Are these numbers not only lottery winners, coordinates to get to the island, and a million other references, but also the winning combination of dice rolls + moves or checker pieces or points (metaphorically) that won the first game between him and Men in Black, or have been mathematically come up the most often, therefore Jacob had given these numbers to the candidates he thinks are most likely to win another game? Now whether these two men are gods or kings or biblical or other mythological people and either cannot kill each other because of creed or physical impossibility, we do know that in games, players don't really kill each other, they just play games. Sometimes they "die" in the game, but not in real life. They come back to play another game. It's hard to tell what exactly is going on between Jacob and Man in Black, and why they cannot literally kill each other (thus why Man in Black manipulated Ben into killing Jacob), but the game just got real. 

I can't help but think this game of manipulation and roll of the dice is just an ancient game, not literally Backgammon, of two men, Jacob and Man in Black. They've played this game for centuries (it's the oldest game!). For now I think all the characters listed on the wheel in the lighthouse and on the walls of the statue are just the pawn pieces, and my theory is that they are all interconnected back in the real world by either heredity or other circumstance--luck/coincidence--and that their plight on this show is an evolution since either they themselves or their progeny/connected others, keep getting chosen to come back to the island.

These others are generally people who have done something wrong in society's eyes and need redemption. They are continually manipulated by both sides to: "Come with me. If you don't, something bad will happen. If you do, you will get to once again have the most important thing in life." The followers follow with blind trust, almost as if they were. . . dun, dun, dun. . . nothing more than pawns in a game. The crux of it is of course they are all real people, and as any people, are completely dualistic in nature so are perfect pawns since they are easily bidded and manipulated. 

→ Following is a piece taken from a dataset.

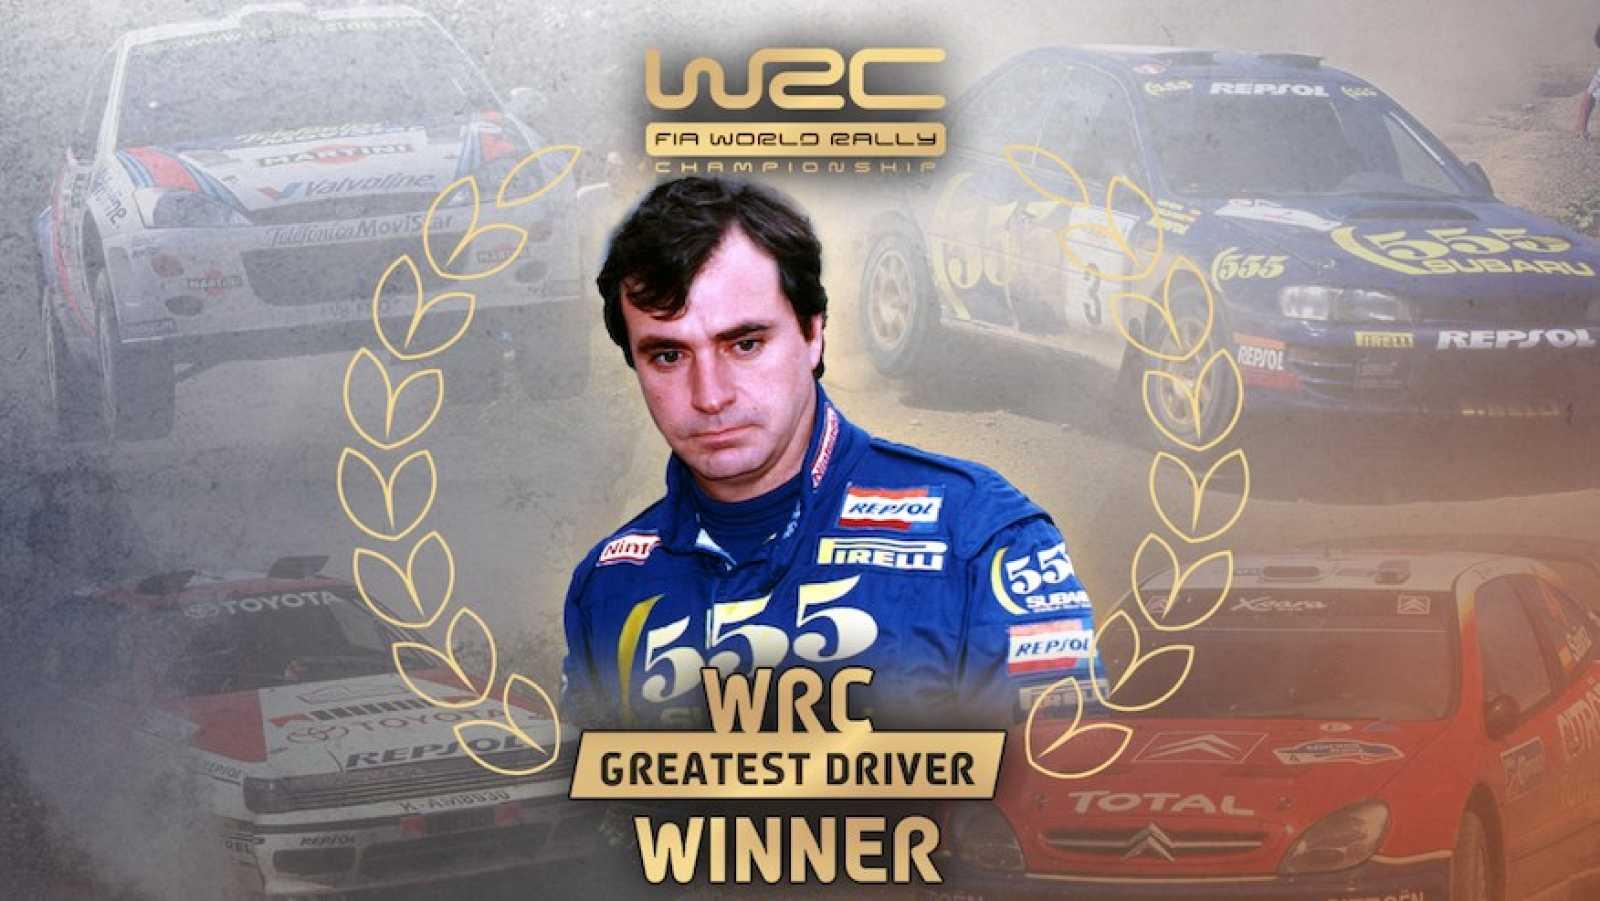 Carlos Sainz, elegido mejor piloto de la historia del Mundial de rallies

Thing is, Lost wouldn't be successful if we saw these characters as mere things or pieces--and the show does a great job at character development and appealing to the audiences' compassion to actually love these characters, even people like Ben who is like the world's worst unlikeable person at times. We keep getting the inkling that these people, mere pawns, are strong enough to begin to oppose these ancient leaders (who have worked through everyone from Ben's manipulation to Widmore to Paik to Anslo Corp to the Dharma Initiative to The Others to Locke to Jack, etc.).

Now that Jacob has died, however, there is a game breaker. Morgan thinks that Jacob is trying to replace himself via his continued manipulation of characters; the replacement candidates are not crossed  off on the list of people who have been candidates to come to the island, but this is sort of a vague point, because we're not sure how a new leader can re-trap the Man in Black. Man in Black had been trapped (in this game?) for centuries and has stated he wants to go "home"; as we saw in "Sundown" he is taking those who follow him in this exodus off the island. Everyone else on the island will die, who doesn't follow him, supposedly, at least from what we know now.
Anyway, this is long enough for now. In summary, though Lost writers have used a lot of different references to similar mythologies; all in all this seems like a game between two men, which has now encompassed many other "players" or "pawns". One wants out, and the other wants to stay. I have to think more on why Jacob appears to be a "free will" kind of man but insists on conserving this game, or at least the traditional value of it, whereas Man in Black who appears so evil as the smoke monster simply wants to get out of the game and go "home".
This game needs two players. Without one, the game is lost.